2) The "tetrad" phenomenon is not unusual.
Between 0 and 2100 AD, there will have been 62 total tetrads, or about one every 34 years. The 21st Century will have eight occurrences, beginning in the years 2003, 2014, 2032, 2043, 2050, 2061, 2072, and 2090. Eight of the tetrads since 0 AD, counting 2014-15, are BME's, coinciding with Passover and Tabernacles. These will have begun in the years 162, 795, 842, 860, 1493, 1949, 1967, and 2014.
3) Recent BMEs have occurred after the linked historical event.
Jews were expelled from Spain in 1492, the BME was in 1493-94. Israel was re-created in 1948, the BME was in 1949-50. The Six Days War was in June of 1967, so most of the 1967-68 BME was afterwards. At the very least, that says BME's can't be signs of something yet to come.
4) BME's don't always coincide with some significant event in Jewish history.
One could argue that three of the last four have. But not so for the 4 BME's prior to 1493. And, there was no BME coincident to either the destruction of the temple in 70 AD, or the Holocaust of WWII.
5) The 2014-2015 BME isn't visible from Israel.
Lunar eclipses of this type are just like solar eclipses: they're relative to your position on earth. So, only the very end of the September 28, 2015 lunar eclipse is going to be visible from Israel. The other three won't be observable from Israel, at all.
6) Jesus specifically ruled out predicting "the day" or "the hour."
He instructed us to be aware of signs warning us the end times were near, such as Mark 13:7. At the same time, He gave us explicit reasons to ignore any claim of specifically predicting when those events would occur, as in Mark 13:32 and Matthew 24:36.
Many of those who've discussed these eclipses with me have absolutely no idea where or how the idea got started, or who's putting it out there. The credentials, history, and theological perspectives of some of the major proponents are…interesting. That's a bit beyond the scope of a short article, but it's something worth considering. Any time someone claims to have suddenly "discovered" a Biblical prophecy that was hidden to all prior generations, one has to be very, very skeptical.
Given all of the above, there's no good reason for Christians to assign supernatural significance to the upcoming lunar eclipse cycle. There are enough other, clearer "signs of the times" we can focus on, rather than what amounts to Bible-flavored astrology. The worst consequence of putting faith in these pseudo-prophecies is the damage which occurs once they're proven wrong.

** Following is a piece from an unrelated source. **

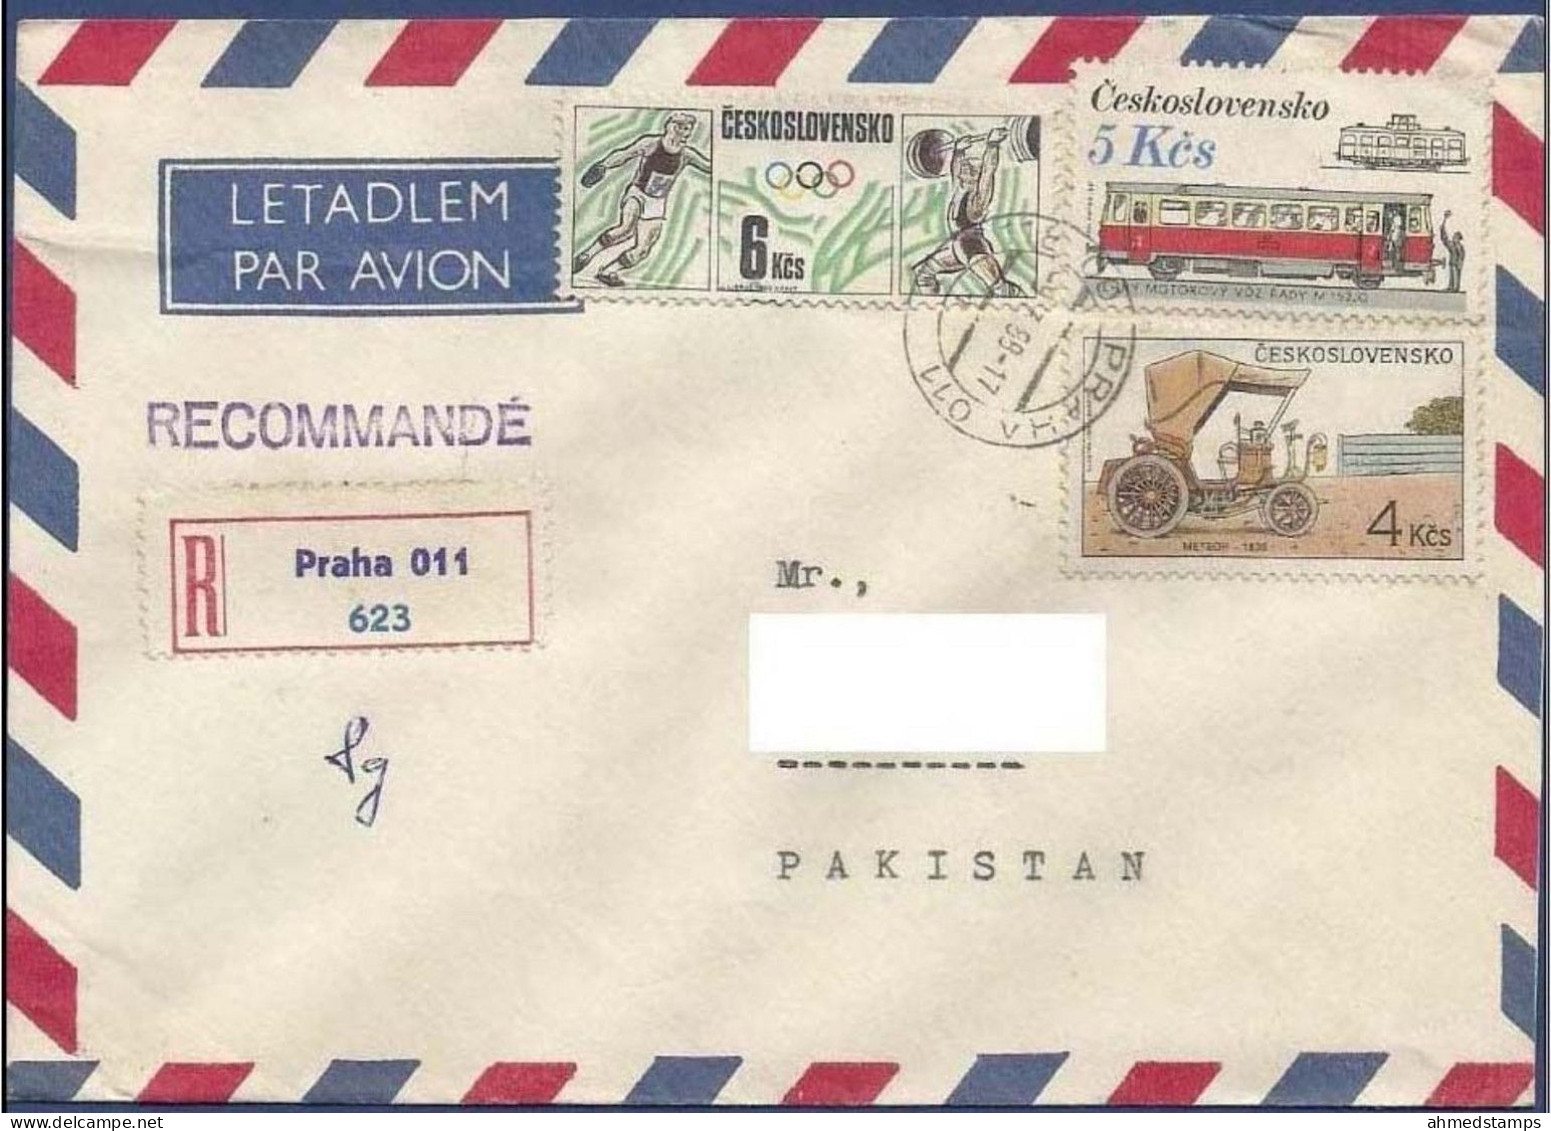 CZECHOSLOVAKIA REGISTERED 1988  POSTAL USED AIRMAIL COVER TO PAKISTAN - Luchtpost

It becomes difficult for people to separate false interpretations from the legitimate truths they branched off of. Let's not allow this Blood Moon trend to become Mayan Calendar II: Christian Boogaloo.
Jesus' statements about prophetic limitations, in particular, ought to at least knock out the more extreme claims coming from the Blood Moon camp. Taking a bubblegum-theology approach to astronomy is one thing, but searching through coincidences and star charts, looking for the date of the rapture, or some other specific end-times event, is flatly unbiblical.